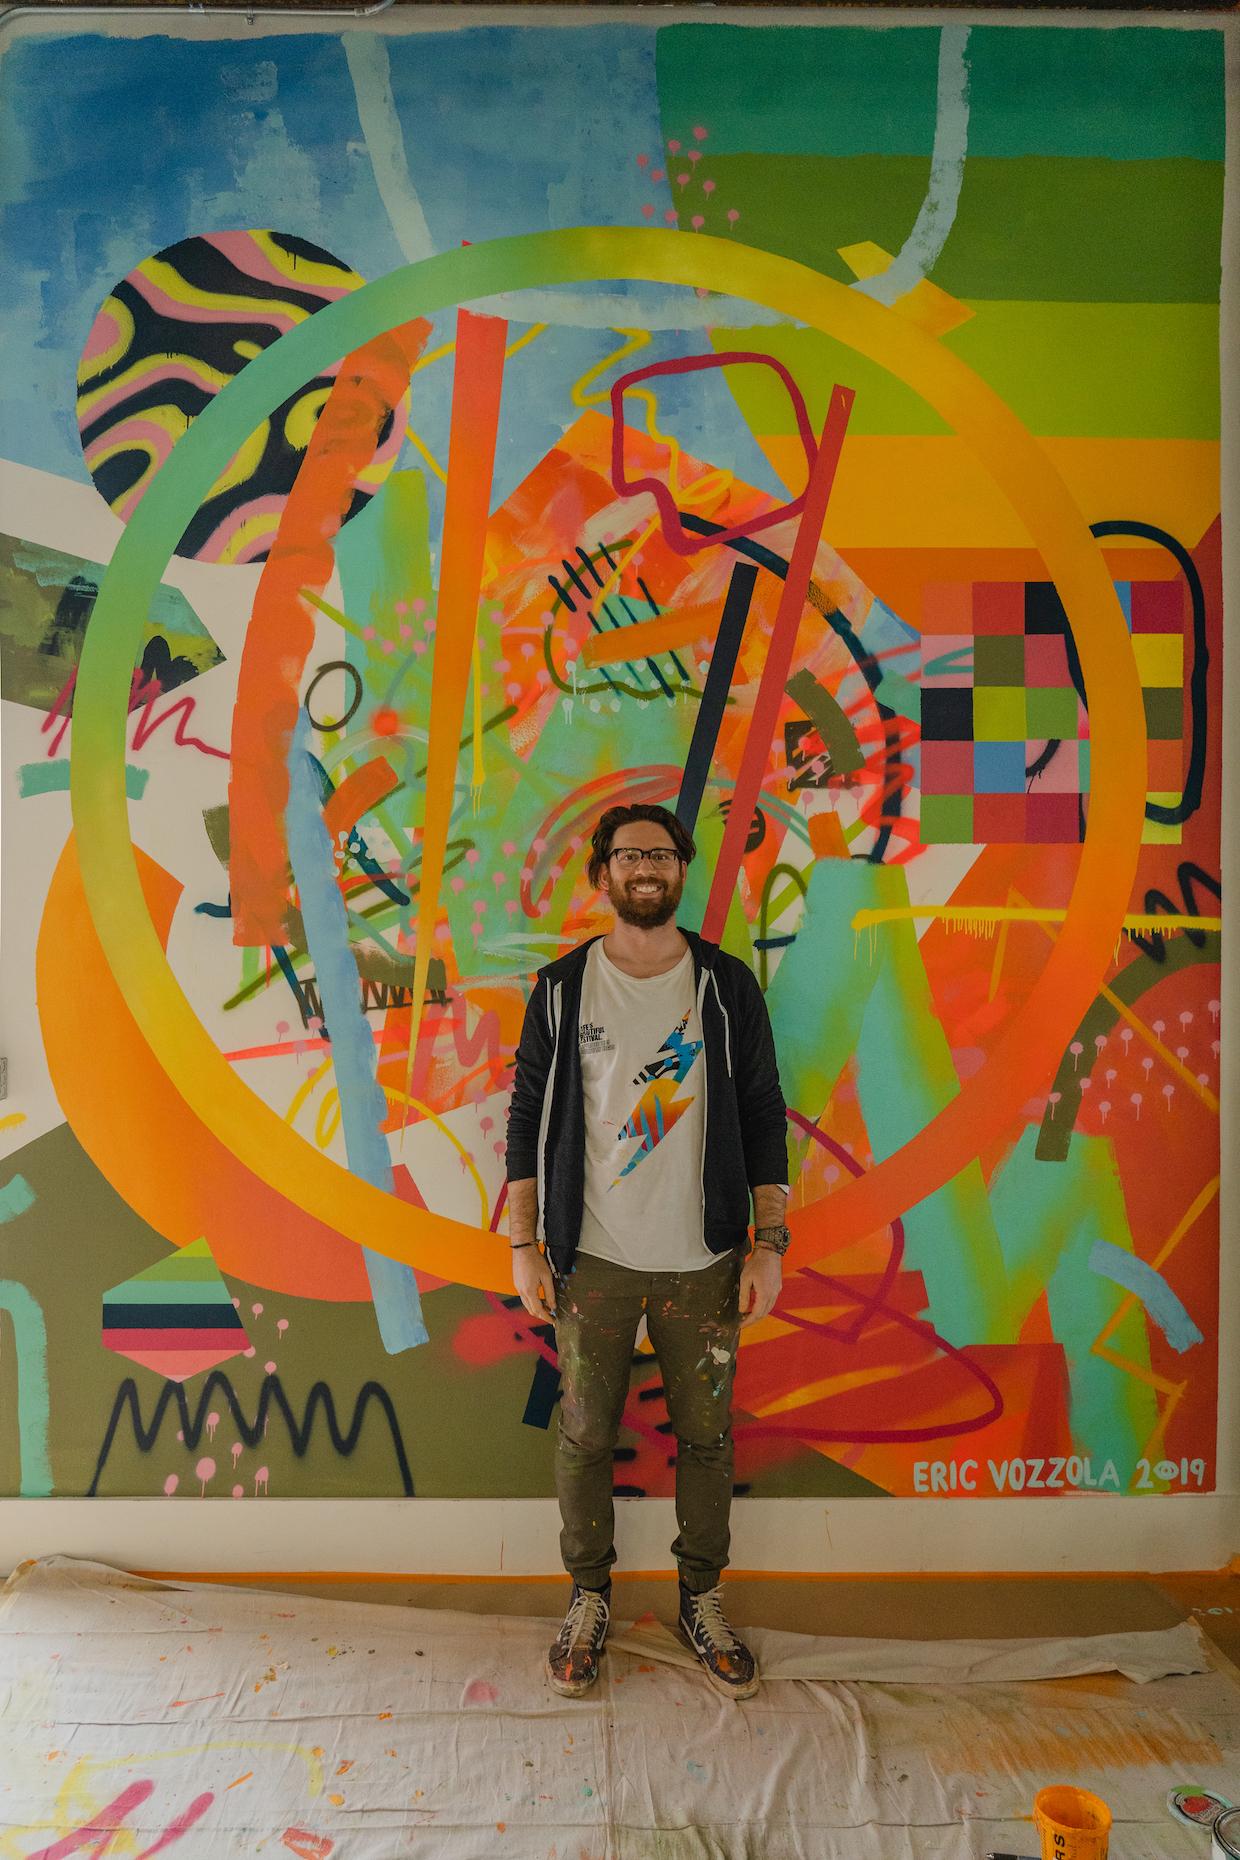 Eric Vozzola mural
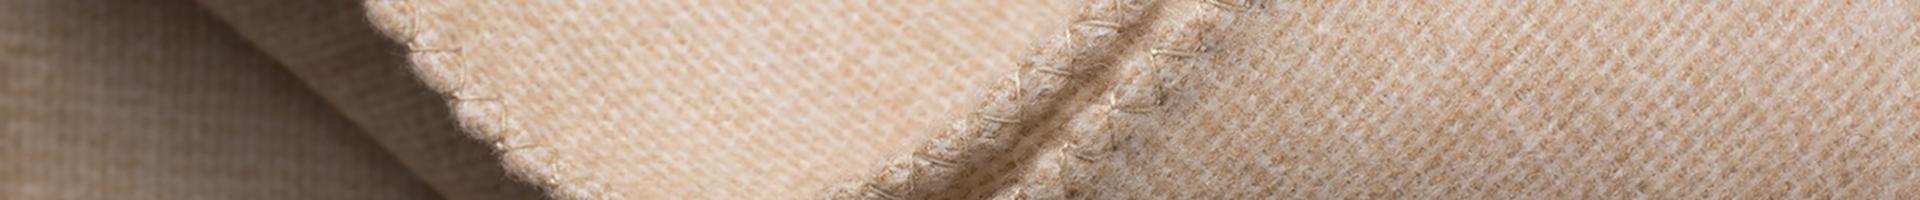 Linus silk in beige
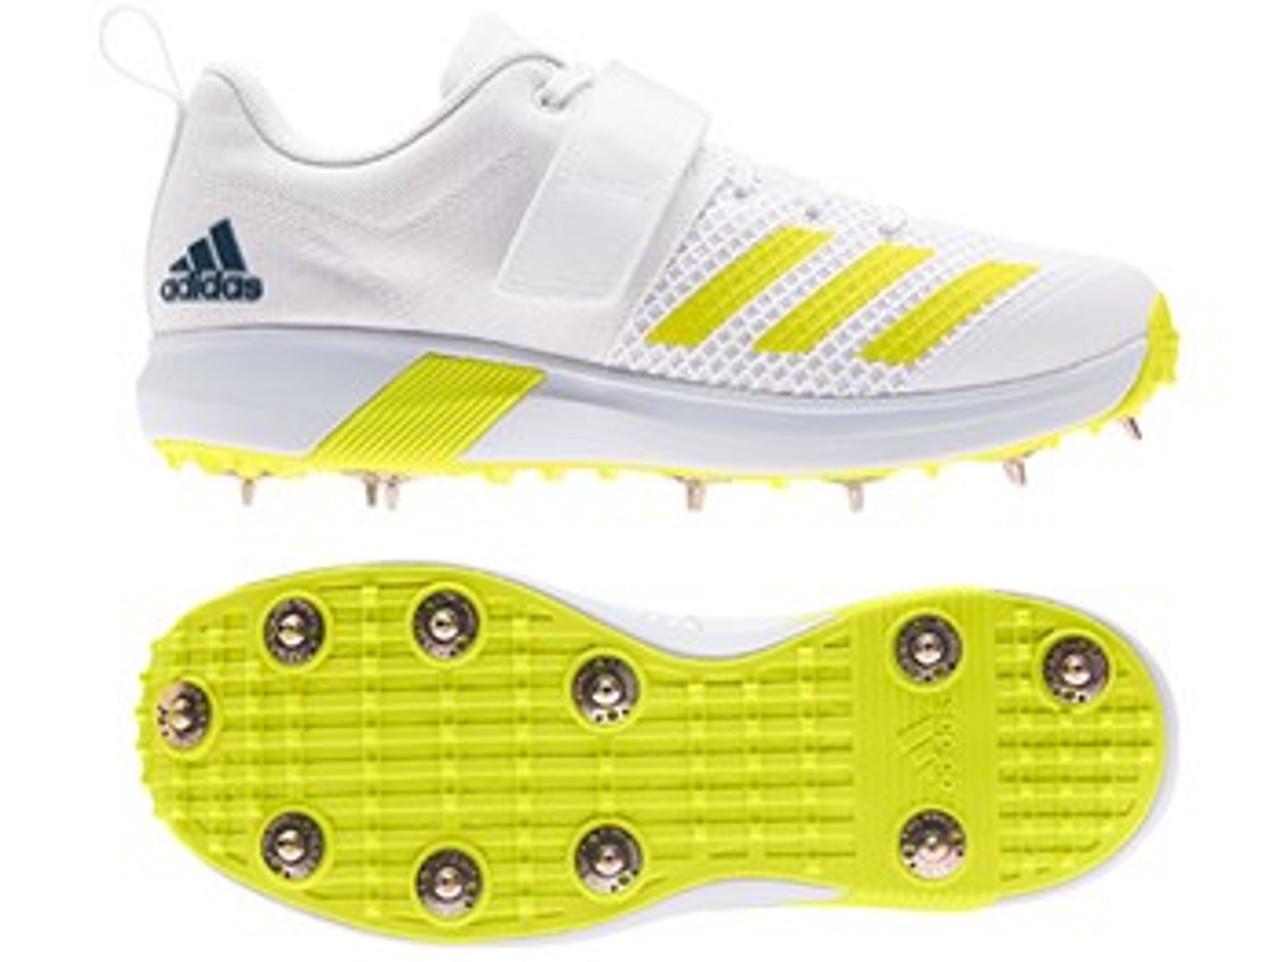 Adidas Adipower Vector 20 Cricket Shoes 2021

» **Problem to solve**
Reproduce the data above line for line, excluding every picture.

» **Task answer**
 Eric Vozzola mural
 Linus silk in beige
 Adidas Adipower Vector 20 Cricket Shoes 2021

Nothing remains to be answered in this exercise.